Message boards :
Number crunching :
Milkyway Nbody ST vs. MT: real benchmarking
Message board moderation
| Author | Message |
|---|---|
|
Send message Joined: 19 Jul 10 Posts: 812 Credit: 20,951,030 RAC: 6,123 |
As some of you might have read, I did in the past some comparisons between MT and ST tasks. However that was only based on the credits and I only compared 2-thread tasks vs. single thread tasks. So that was not very good comparison and after reading a lot about multithreading and cache sizes on PrimeGrid, I decided to make a real benchmark, in particular since I have seen, that compared to my wingmen, sometimes my computer needed ridiculously much CPU time for the same amount of work. So now I tried 7 threads per WU (I run 14 of 16 threads of my CPU for CPU crunching the other two are for feeding the iGPU) and run same WU while normal production in ST-mode and than I changed my settings to 7 threads per WU, set up a 2nd instance of BOINC and run there the same WU there in 7-thread-mode together with another 7-thread-WU and one GPU-WU from Einstein in the first instance of BOINC. The WU I have used is de_nbody_orbit_fitting_10_01_2025_v193_OCS_lmc_pm__data__02_1758550502_1411512.
run time CPU time
ST 11214 s 11205 s
MT (1) 387 s 2038 s
MT (2) 391 s 2046 s
So there's a huge difference in the CPU time required, which means we have here same cache effects as on PrimeGrid, we just don't know how much cache is needed per WU. Also the runtime of Einstein on the iGPU went down from about 18.5k seconds to around 15.9k.
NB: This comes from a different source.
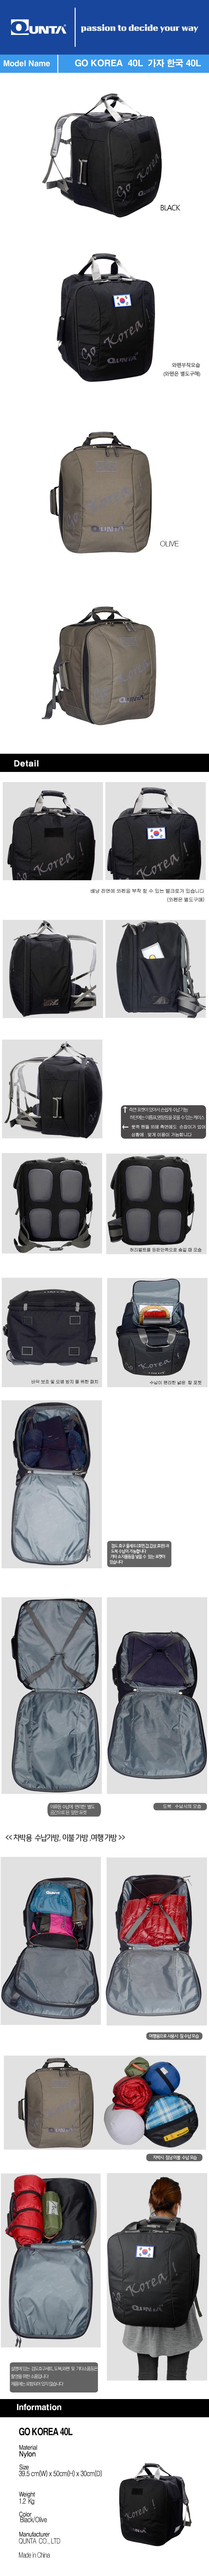 쿤타 가자 한국40L 백팩형 검도배낭 호구가방 여행가방

In case someone wants to do some benchmarks on his computer, this is the WU (I added a number at the end to have several copies for testing and extended the deadline):
<workunit>
<name>de_nbody_orbit_fitting_10_01_2025_v193_OCS_lmc_pm__data__02_1758550502_1411512_01</name>
<app_name>milkyway_nbody_orbit_fitting</app_name>
<version_num>193</version_num>
<rsc_fpops_est>40006000000000.000000</rsc_fpops_est>
<rsc_fpops_bound>400060000000000000.000000</rsc_fpops_bound>
<rsc_memory_bound>500000000.000000</rsc_memory_bound>
<rsc_disk_bound>104858000.000000</rsc_disk_bound>
<command_line>
-f nbody_parameters.lua -h histogram.txt --seed 156791432 -np 12 -p 3.45074 1 0.339685 0.446913 27.1153 0.706509 41.902 21.1847 -2.65629 -6.82502 -46.1851 95741.7
</command_line>
<file_ref>
<file_name>EMD_v193_OCS_orbit_fitting_lmc_pm_old_eps2.lua</file_name>
<open_name>nbody_parameters.lua</open_name>
</file_ref>
<file_ref>
<file_name>OCS_data_2025_pm.hist</file_name>
<open_name>histogram.txt</open_name>
</file_ref>
</workunit>
<result>
<name>de_nbody_orbit_fitting_10_01_2025_v193_OCS_lmc_pm__data__02_1758550502_1411512_01_0</name>
<final_cpu_time>0.000000</final_cpu_time>
<final_elapsed_time>0.000000</final_elapsed_time>
<exit_status>0</exit_status>
<state>2</state>
<platform>windows_x86_64</platform>
<version_num>193</version_num>
<plan_class>mt</plan_class>
<suspended_via_gui/>
<wu_name>de_nbody_orbit_fitting_10_01_2025_v193_OCS_lmc_pm__data__02_1758550502_1411512_01</wu_name>
<report_deadline>1792749848.000000</report_deadline>
<received_time>1760283432.046444</received_time>
</result>I'll do some more tests when I have time, i have saved some other WUs in the past, but they were for older application versions, no idea if they will work on the current one. But I think it's pretty obvious, that one thread per task isn't optimal as I have thought after my simple comparison in the past.
|
|
Send message Joined: 19 Jul 10 Posts: 812 Credit: 20,951,030 RAC: 6,123 |
Now I tried all 14 threads for one WU, that's worse than 2x 7-thread WUs. WU: de_nbody_orbit_fitting_10_01_2025_v193_OCS_lmc_pm__data__02_1758550502_1411512 Application version: 1.93
Threads run time CPU time WU/day on 14 threads
ST 1 11214.xx s 11205.xx s 107.8
MT 7 386.65 s 2038.38 s 446.5
MT 7 390.82 s 2046.41 s 442.1
MT 14 213.93 s 1990.48 s 403.9
So crunching this particular WU on half of the available threads instead of just one increases production by a factor of 4.12. Didn't expect that after my previous tests and in particular not such a huge difference between ST an MT.
|
|
Send message Joined: 19 Jul 10 Posts: 812 Credit: 20,951,030 RAC: 6,123 |
Final test was with 3 5-thread WUs, so running on 15 threads. WU: de_nbody_orbit_fitting_10_01_2025_v193_OCS_lmc_pm__data__02_1758550502_1411512 Application version: 1.93
Threads run time CPU time WU/day on 14 threads
ST 1 11214.xx s 11205.xx s 107.8
MT 5 613.07 s 2350.41 s 422.8 (15 threads)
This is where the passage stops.